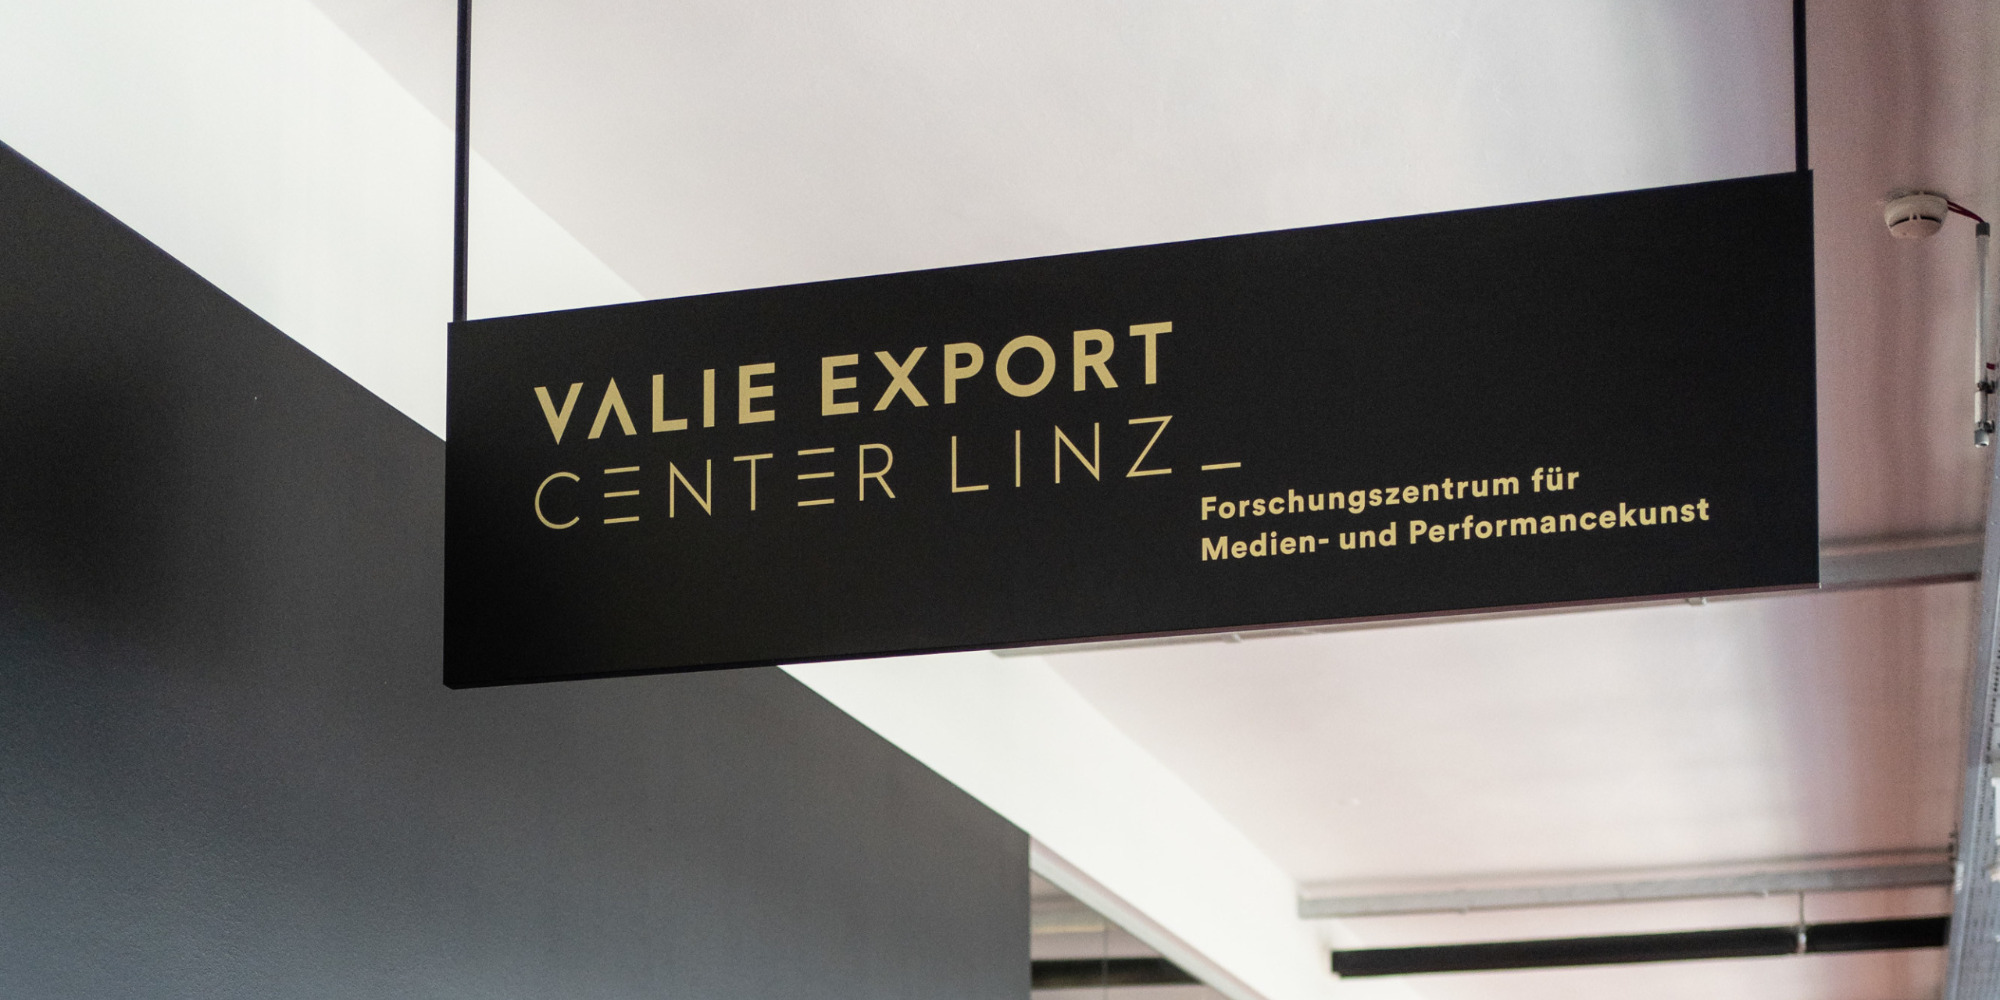 Valie Export Center
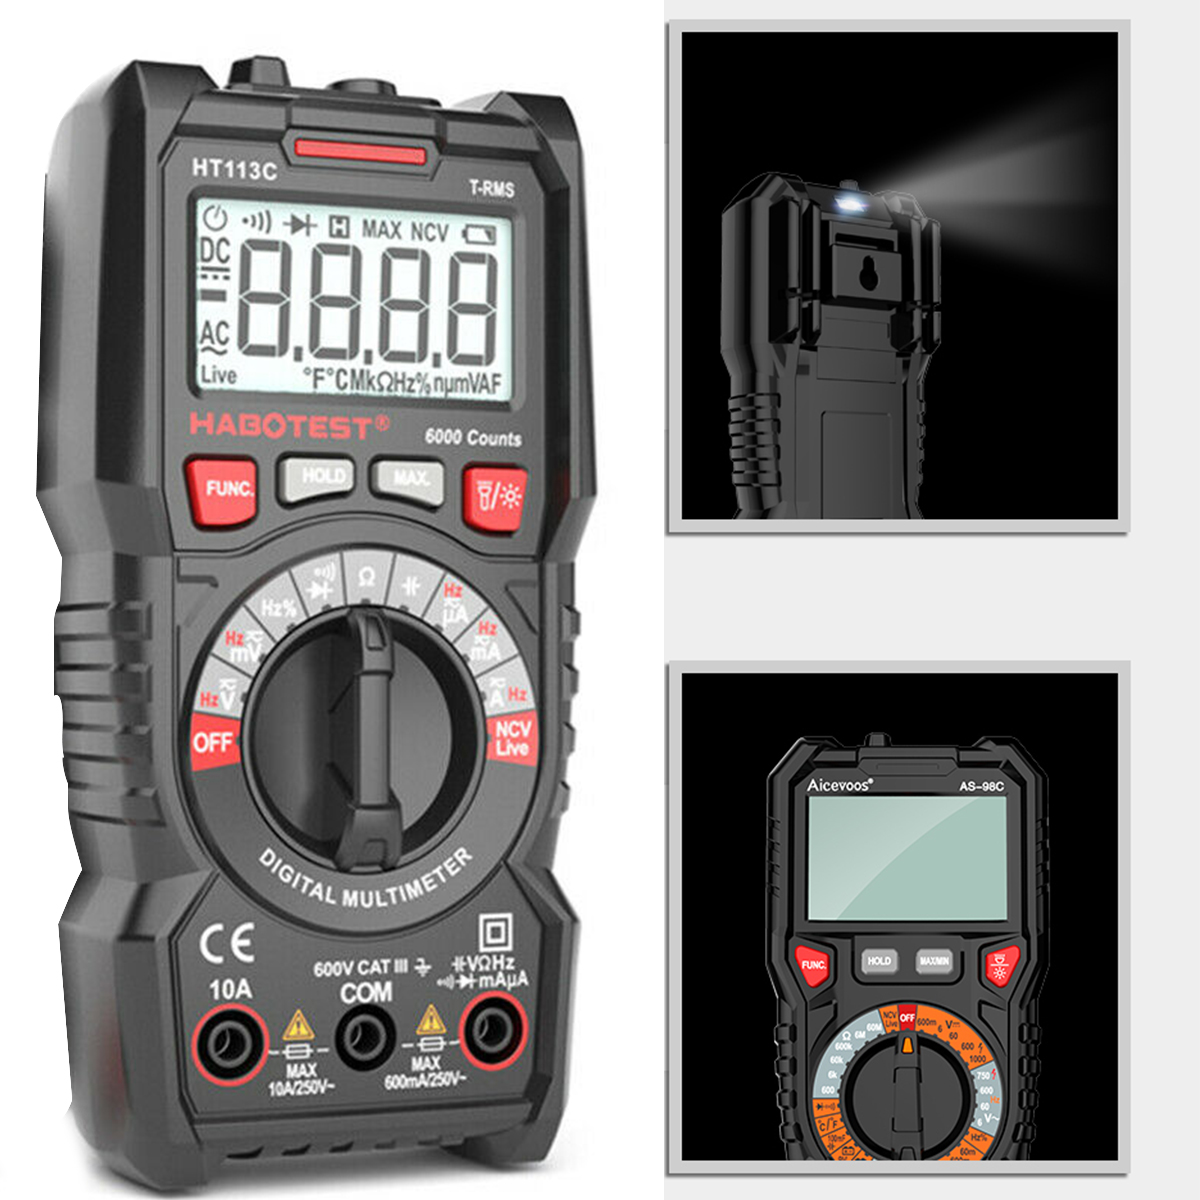 HT113C-Professional-Handheld-LCD-Digital-Multimeter-with-Flashlight-ACDC-Voltage-Meter-Amperemeter-O-1816345-1
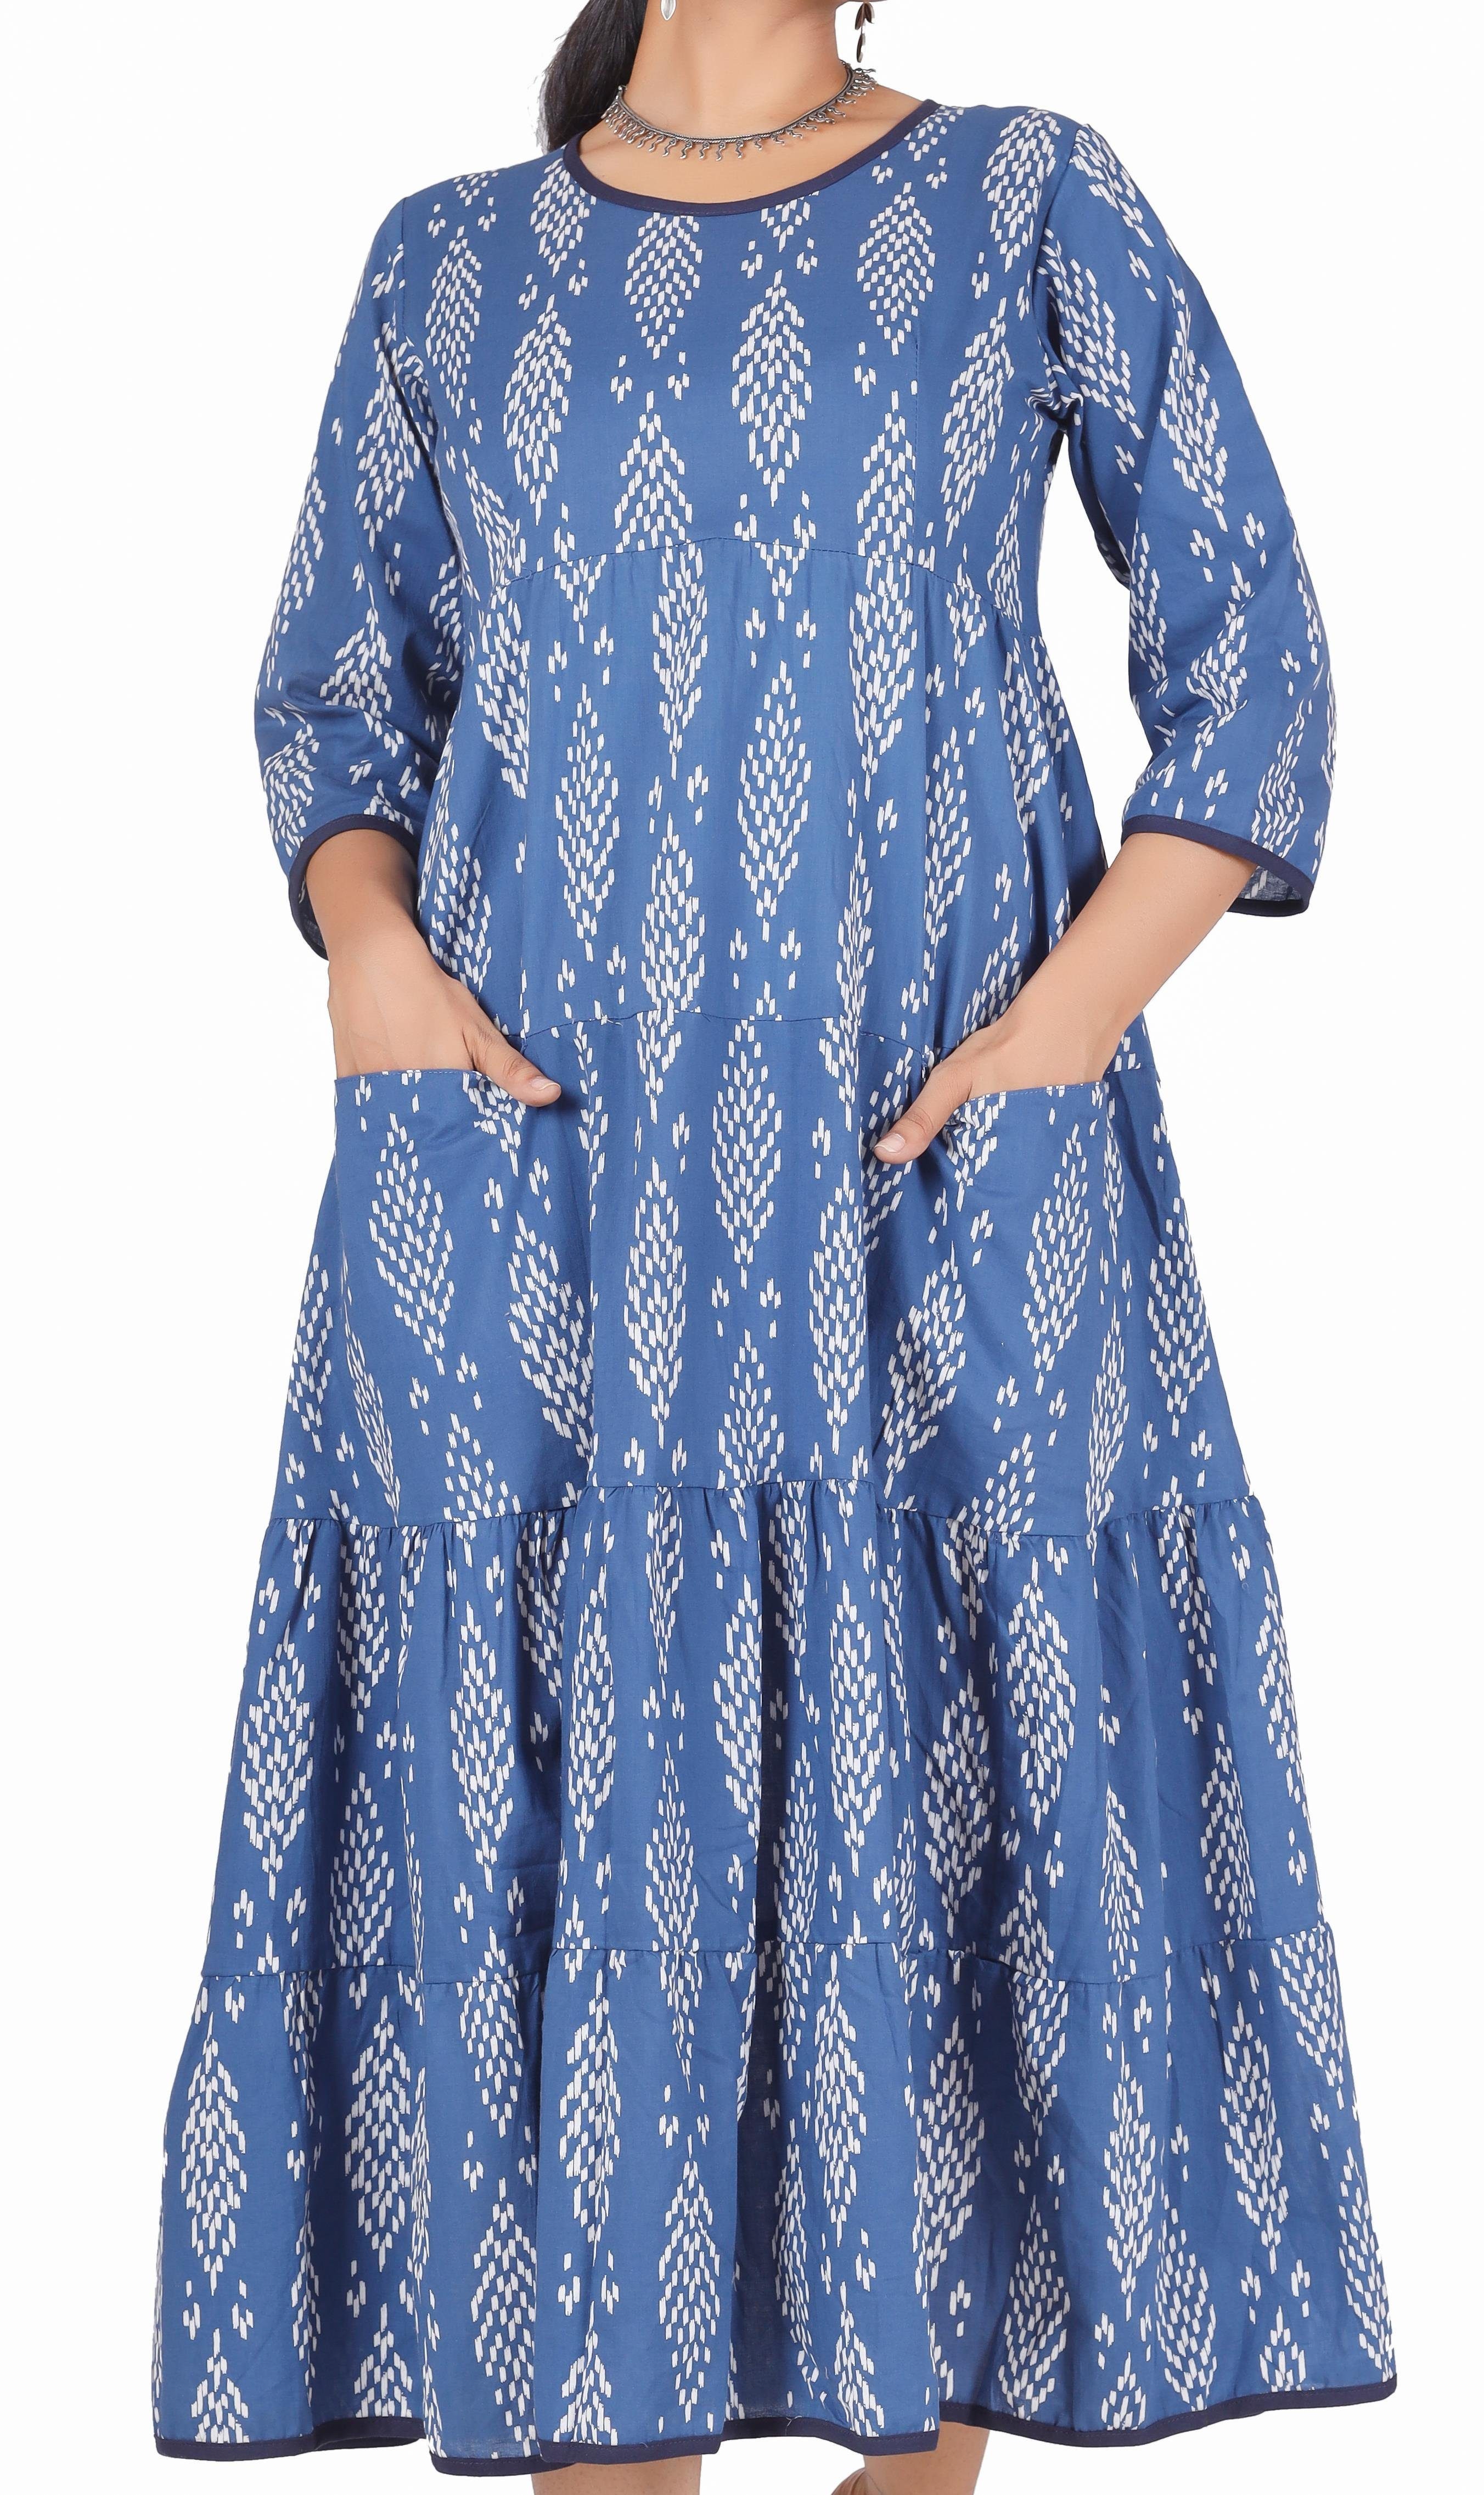 Guru-Shop Midikleid Boho Sommerkleid, bedrucktes wadenlanges Kleid.. alternative Bekleidung indigo
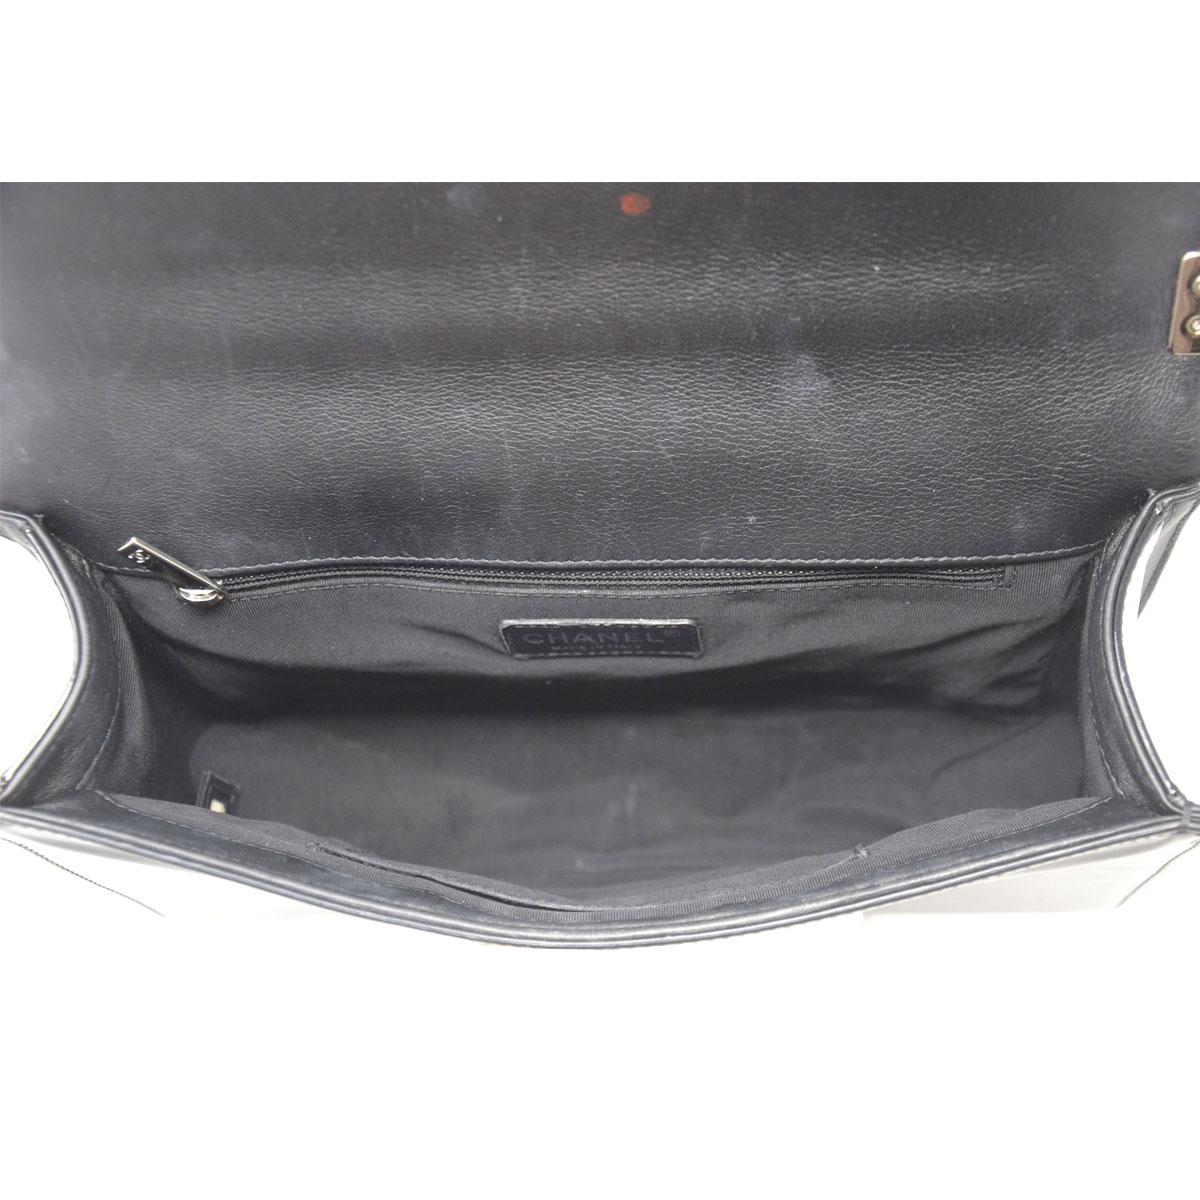 Chanel Le Boy Bag SHW Black Jumbo Patent Leather 4

+-------+

Aim of the exercise » Without the pictures, copy the material exactly as given.

Final answer »
 Valie Export Center
 HT113C-Professional-Handheld-LCD-Digital-Multimeter-with-Flashlight-ACDC-Voltage-Meter-Amperemeter-O-1816345-1
 Guru-Shop Midikleid Boho Sommerkleid, bedrucktes wadenlanges Kleid.. alternative Bekleidung indigo
 Chanel Le Boy Bag SHW Black Jumbo Patent Leather 4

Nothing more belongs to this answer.